# Configuration

Krews requires configuration files to run. These files, along with command line arguments allow you to tweak *how*
your workflow runs without touching or building your Krews application. The application itself is more concerned 
with *what* runs. In this way it is a means of 
[separation of concerns](https://en.wikipedia.org/wiki/Separation_of_concerns). 

Configurations cover things like execution environment settings and parallelism. They also cover special parameters 
that you set up in your Krews Application to pass in differently for each run. They allow you to provide your 
workflow to 3rd parties as an executable. The only thing your users would then need to worry about is creating 
a config.

Krews configuration files are written in a superset of JSON called 
[HOCON](https://github.com/lightbend/config/blob/master/HOCON.md). It's just JSON with some additional syntax sugar 
that helps keep it concise and readable. These files conventionally use the extension `.conf`.

There are two types of configurations, workflow scope and task scope.

## Workflow Configurations

Workflow scope configurations apply to the entire workflow. They live at the top level of your configuration documents.

### Common Workflow Configurations

The following are workflow configurations common for running against any execution environment.

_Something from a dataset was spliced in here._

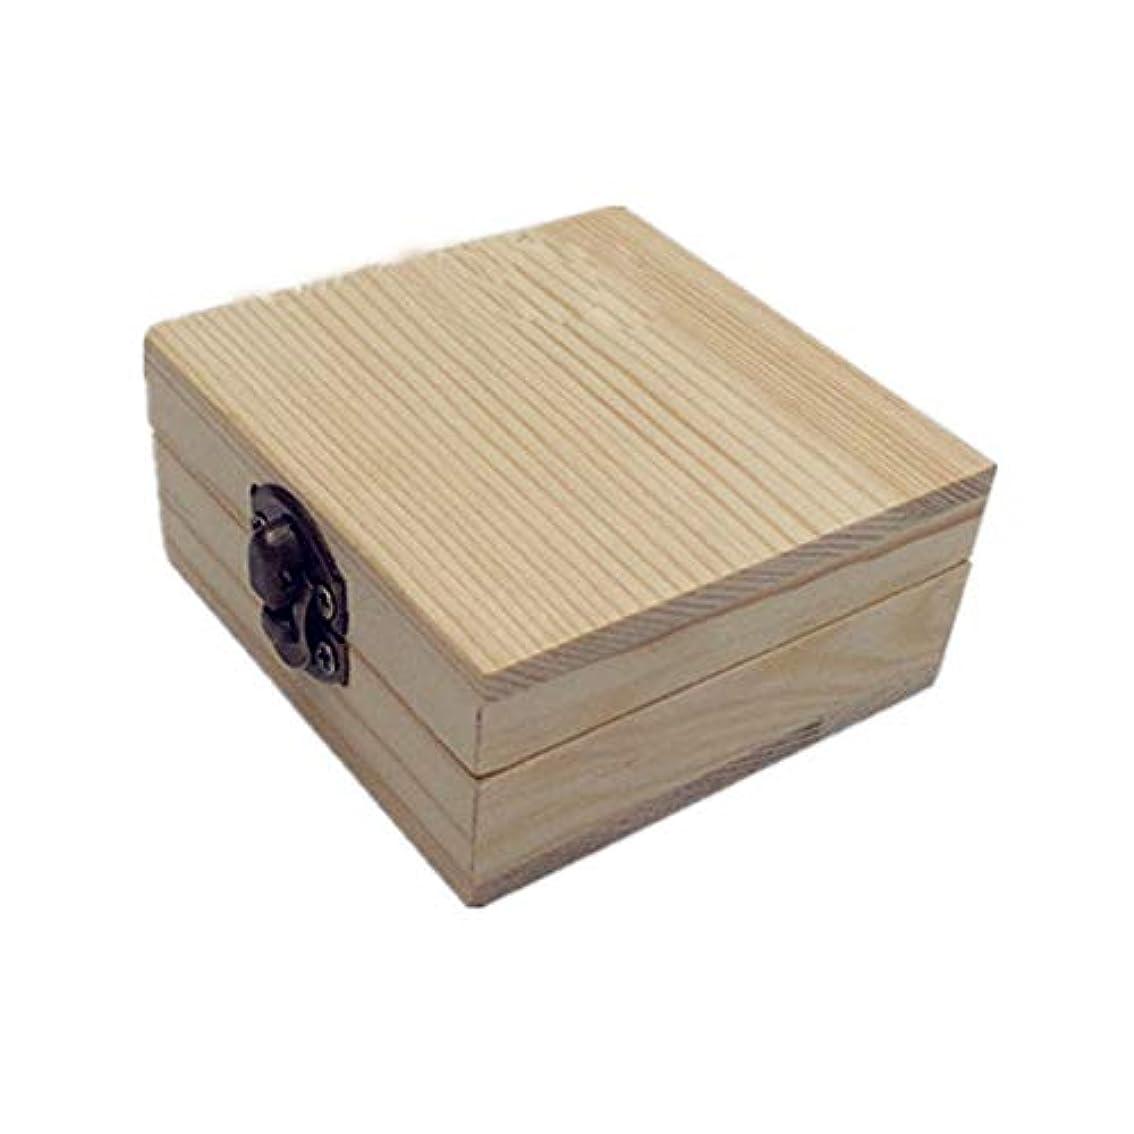 キャッシュ麻酔薬抽出エッセンシャルオイル収納ボックス エッセンシャルオイルのボトル2本は、木材のオイルボックスのオイル完璧なケースに適用されます 丈夫で持ち運びが簡単 (色 : Natural, サイズ : 7X7X3.5CM)

config name | description | required | default
--- | --- | --- | ---
parallelism | The maximum number of tasks allowed to run concurrently. Set to an integer or "unlimited" | no | unlimited 
report-generation-delay | Delay (in seconds) between generating updated status reports | no | 60

**Example**

```hocon
parallelism = 10
report-generation-delay = 180
```

### Local Docker Execution Specific

name | description | required | default
--- | --- | --- | ---
local.docker | Docker client configurations. In most cases you should not need to set these. | no | *none*
local.docker.uri | URI of docker daemon | no | *none*
local.docker.certificates-path | Path to certificate for TLS enabled docker daemon | no | *none*
local.docker.connect-timeout | Timeout (in milliseconds) for connecting to docker daemon | no | 5000
local.docker.read-timeout | Timeout (in milliseconds) for reading data from docker daemon | no | 30000
local.docker.connection-pool-size | Connection pool size for docker client | no | 100

**Example**

```hocon
local {
    docker {
        uri = "localhost:1234"
        certificate-path = "~/my-path/my-cert.cert"
        connect-timeout = 10000
        read-timeout = 60000
        connection-pool-size = 200
    }
}
```

### Google Cloud Execution Specific

name | description | required | default
--- | --- | --- | ---
google.project-id | Google Cloud project ID | yes | *none*
google.regions | List of regions in which we're allow to create VMs | no | *none*
google.bucket | Google Cloud Storage bucket where we will be keeping our workflow files | yes | *none*
google.job-completion-poll-interval | Interval (in seconds) between checks for pipeline job completion | no | 10
google.log-upload-interval | Interval (in seconds) between  pipeline job log uploads to storage | no | 60

**Example**

```hocon
google {
    project-id = my-project
    regions = [us-east1, us-east2]
    bucket = my-bucket
    job-completion-poll-interval = 60
    log-upload-interval = 120
}
```

### Slurm Execution Specific

name | description | required | default
--- | --- | --- | ---
slurm.job-completion-poll-interval | Interval (in seconds) between checks for pipeline job completion | no | 10
slurm.ssh | Used to connect to Slurm head node to run sbatch jobs and poll job status. Enables running remote machines that can ssh to slurm head node with passwordless login | no | *none*
slurm.ssh.user | User for Slurm head node ssh | no | *none*
slurm.ssh.host | Slurm head node host name | no | *none*
slurm.ssh.port | Slurm head node ssh port | no | 22

**Example**

```hocon
slurm {
    job-completion-poll-interval = 30
    ssh {
        user = jbrooks
        host = slurm018
        port = 23
    }
}
```

## Task Configurations

Task scope configurations apply to only individual tasks. They live under special sections of your configuration files. 

```hocon
// task configs in this section apply to ALL tasks
task.default {
    //...
}

// task configs in this section apply to tasks with a name matching "my-task-name"
task.my-task-name {
    //...
}

// task configs in this section apply to tasks with a label matching "my-task-label"
task.my-task-label {
    //...
}
```

Some of these sections match our application tasks based on names and labels. These are based on fields 
you use when you create your tasks.

```kotlin
task<MyTaskInput>("my-task-name", "my-task-label", "my-other-task-label") { 
    // ... 
}
```

Note that these fields must be hyphenated-snake-case but names. Since labels are free-form string fields, if you use a 
string like "My Task.Name!", it will automatically be converted to deserialize from "my-task-name". It is recommended 
you make all task names and labels hyphenated-snake-case to match configurations.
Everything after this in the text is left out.